++++ Source data ++++
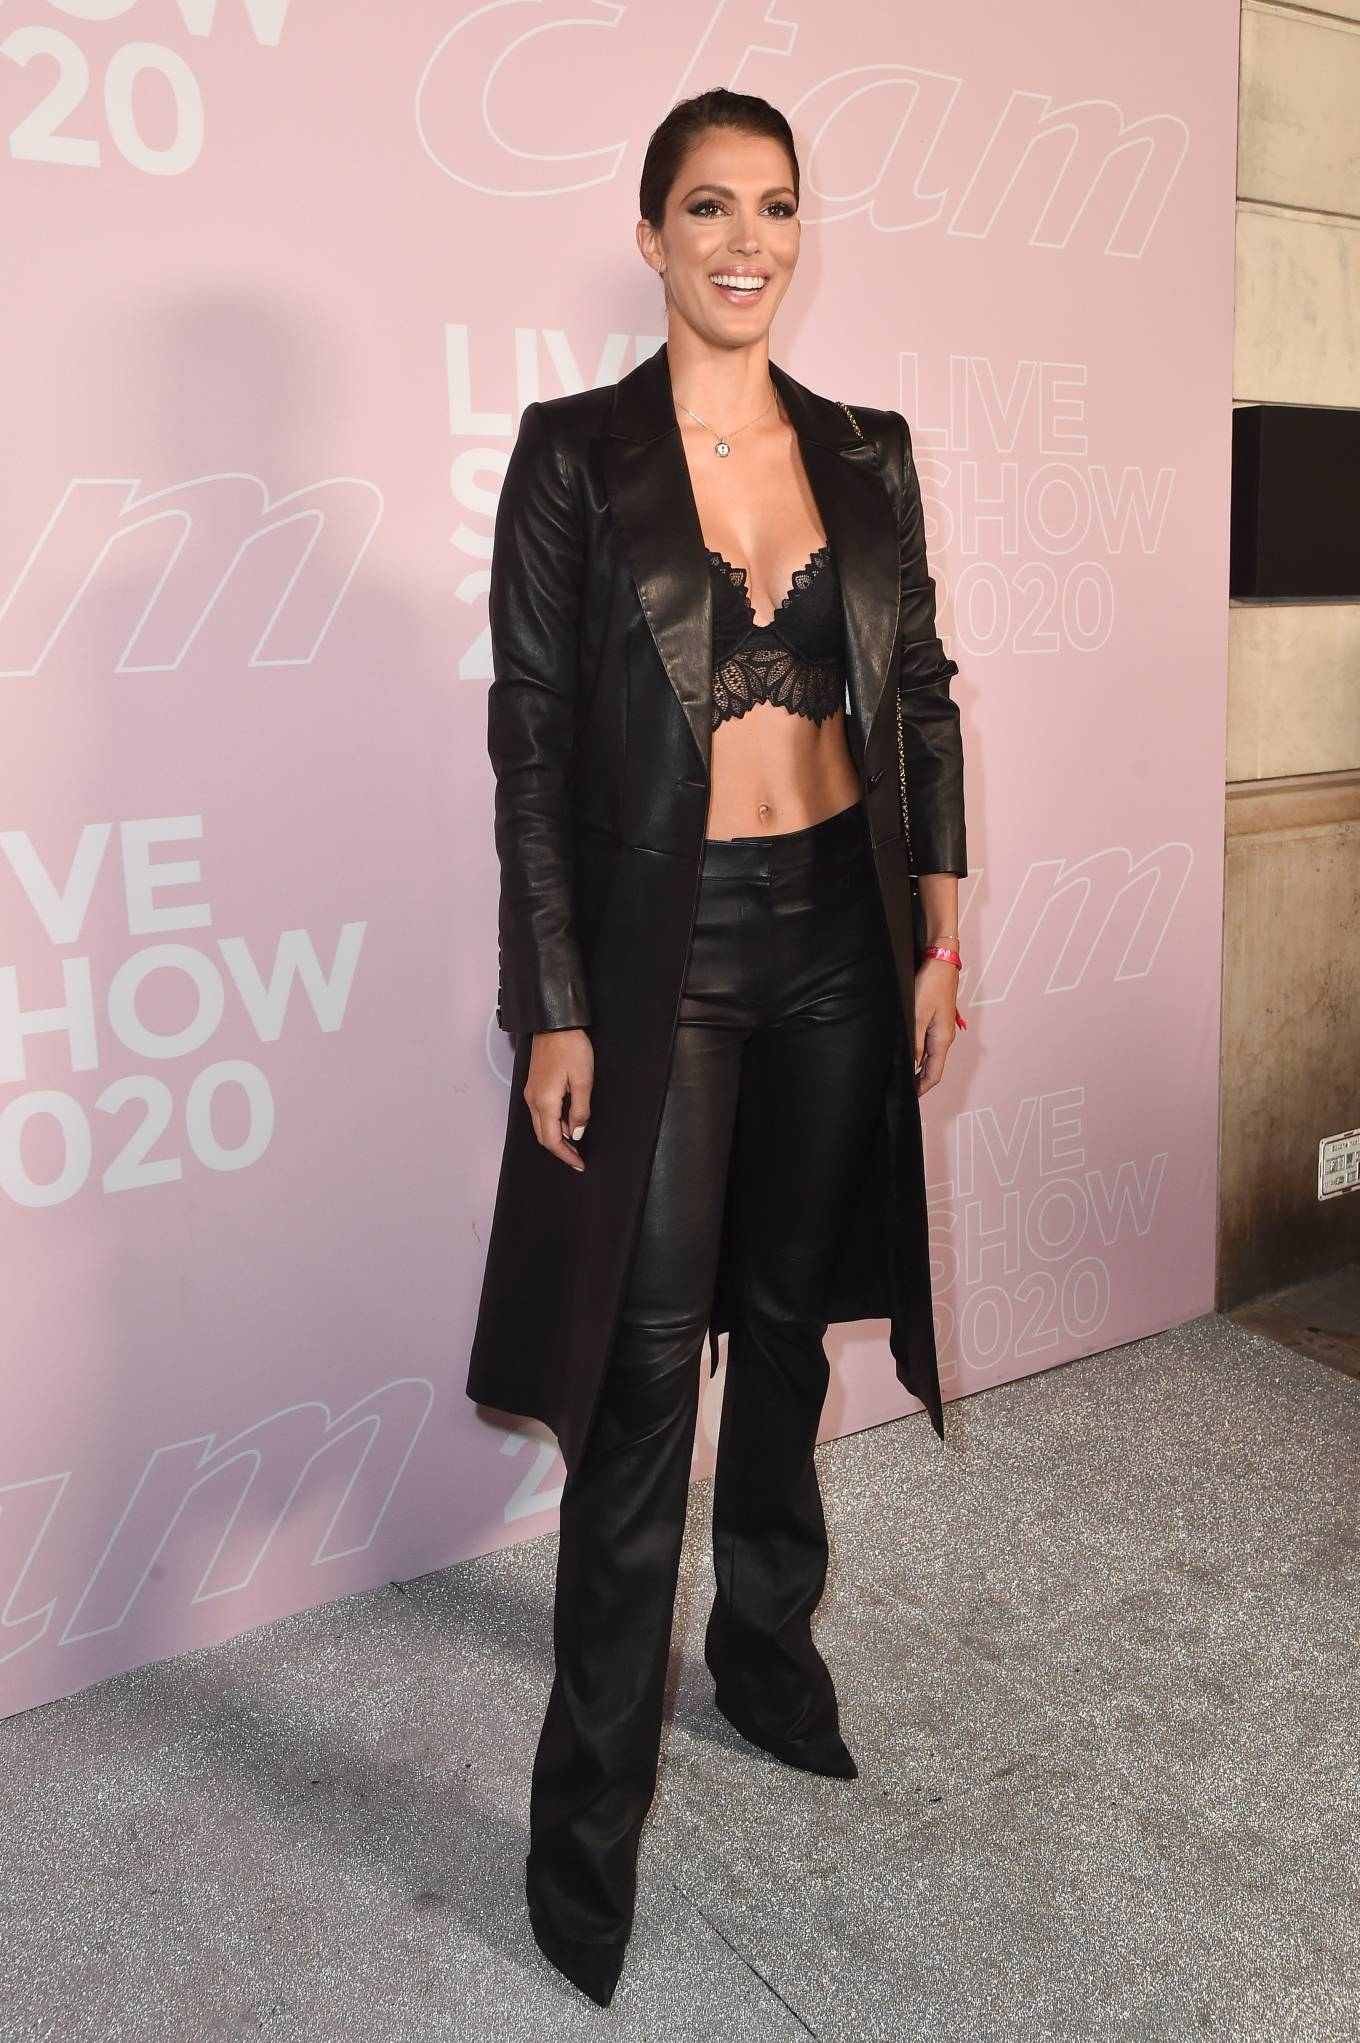 Iris Mittenaere 2020 : Iris Mittenaere – Etam show at Paris Fashion Week 2020-13
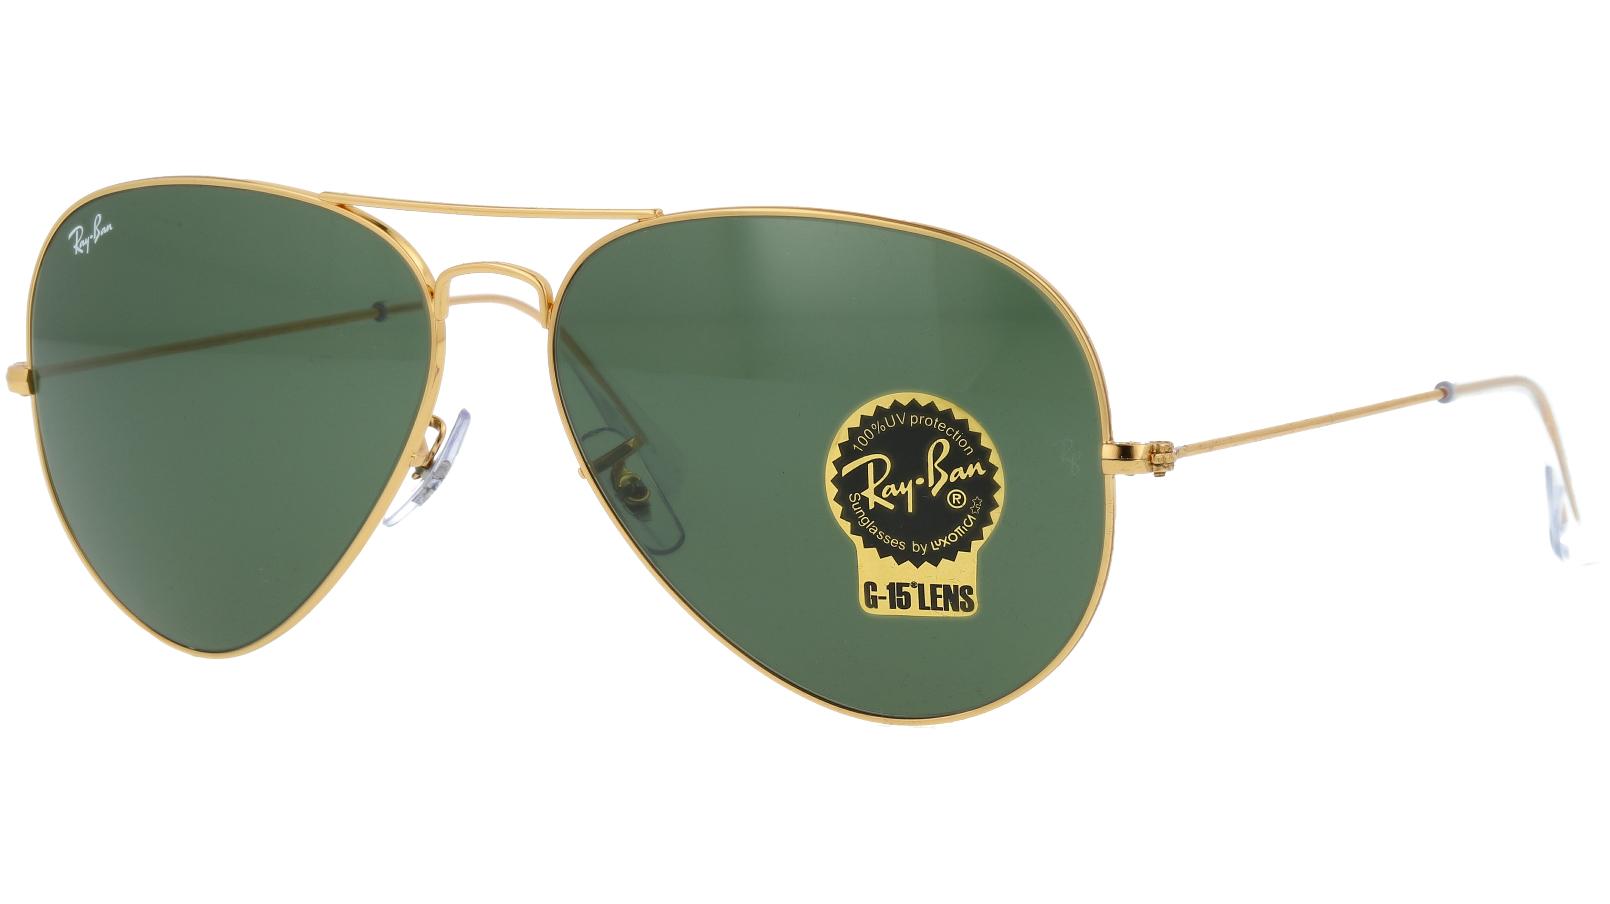 Ray-Ban RB3025 001 62 Arista Pilot Sunglasses
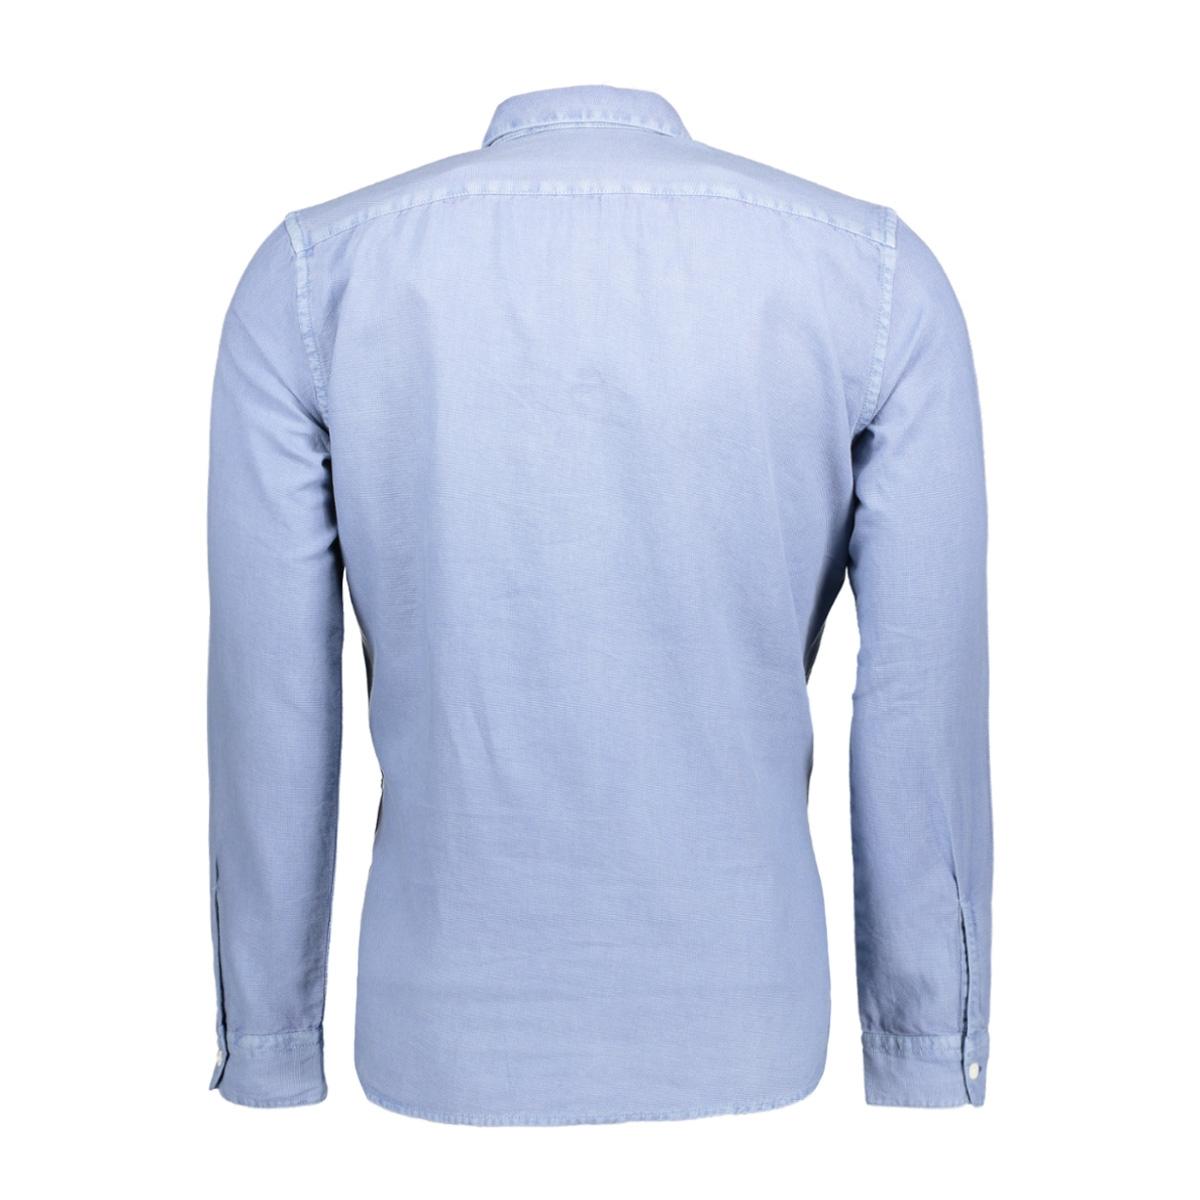 2055071.00.12 tom tailor overhemd 6677
++++
_Description of the task:_
Repeat the whole listing above word for word, but keep any picture out of it.

_Completed exercise:_
 Iris Mittenaere 2020 : Iris Mittenaere – Etam show at Paris Fashion Week 2020-13
 Ray-Ban RB3025 001 62 Arista Pilot Sunglasses
 2055071.00.12 tom tailor overhemd 6677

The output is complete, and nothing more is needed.